Un gallo mal escupido

Nada podría esperarse de una noche de lunes, como hoy, luego de una tarde de escándalo de gotas explotando contra latas, luego de una tarde de esas que se hacen eternas y no hay forma de acortarlas, ni leyendo, ni durmiendo, ni llorando. Nada podría esperarse más que un poema triste y corto, de esos que, por supuesto, en noches como hoy no logro nunca encontrar.
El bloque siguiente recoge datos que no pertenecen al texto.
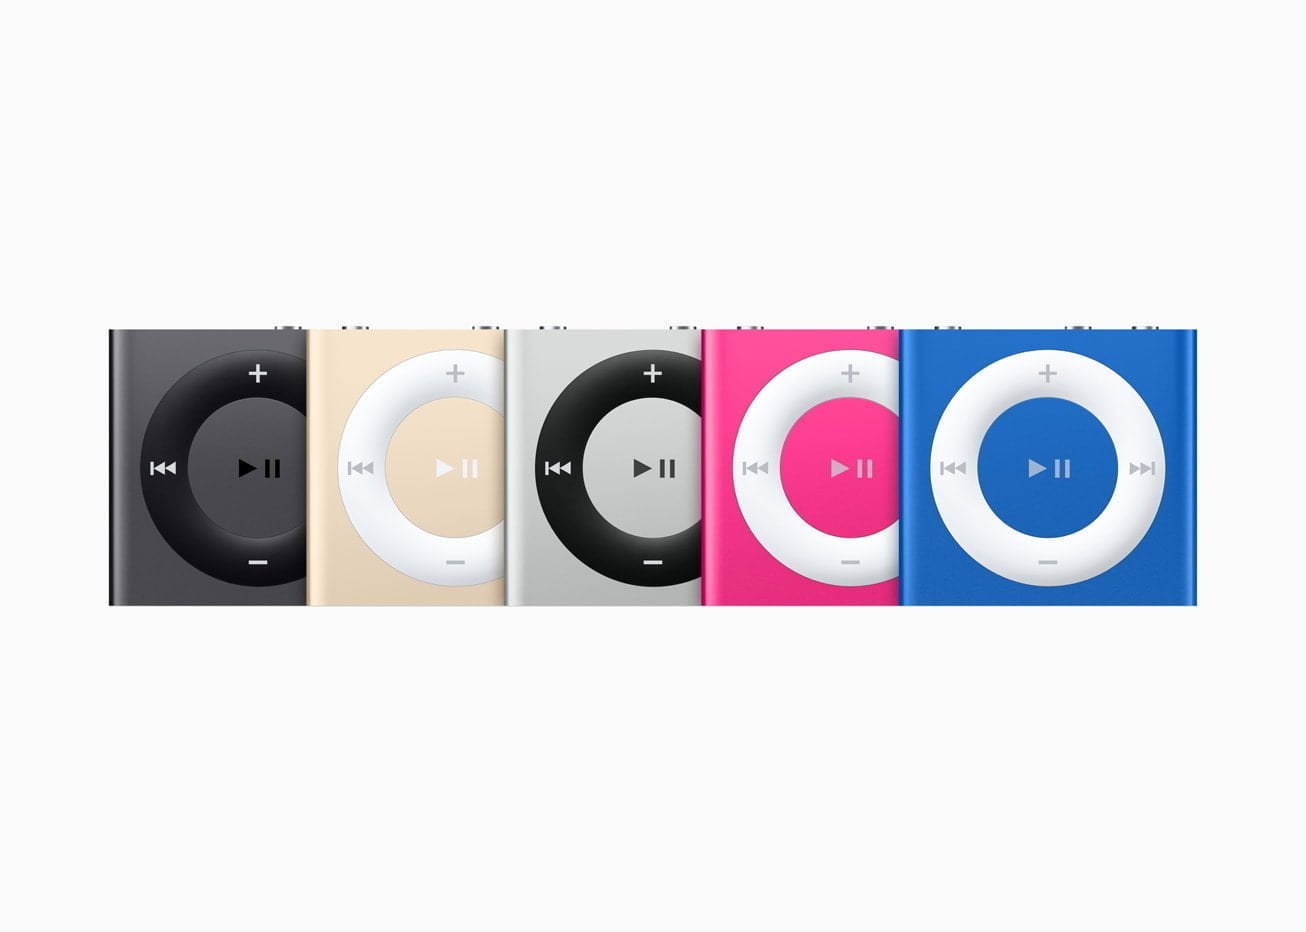 iPod Shuffle (4. generation) blev introduceret den 15. juli 2015. Den meget lille enhed (uden skærm) tilbød op til 15 timers batteritid, 2 GB hukommelse og VoiceOver-knapper, så man kunne høre sangtitler, navn på playlister og batteristatus. (Foto: Apple)

Y yo así, sin triste poema corto, sin tangos añejos lejanos y sin llamadas devueltas, espero con ansia encontrarme un reguero de palabras que otro infeliz (como yo) haya podido dejarme, dejarnos, para mendigar.

Por suerte encuentro el texto de un jovenzuelo conocido (y no es que yo sea señora que visita a sus muertos, sino que realmente conozco al susodicho), y leo saboreando cada frase y cada esquina. No es ningún poema corto, ni cuenta una historia triste, pero le otorgo la tristeza porque es lo que al probarlo me evoca. Seguro en una tarde como la de hoy, en una noche, ese jovenzuelo sufría el mismo padecer que sufro casi todos los días: aquel que no se cura porque no es enfermedad, pero se siente y se llora, y sobre todo se escupe, en forma de gruñido, de pedrada contra un vidrio, de humo blanco espeso, o de poema corto, por lo general muy triste.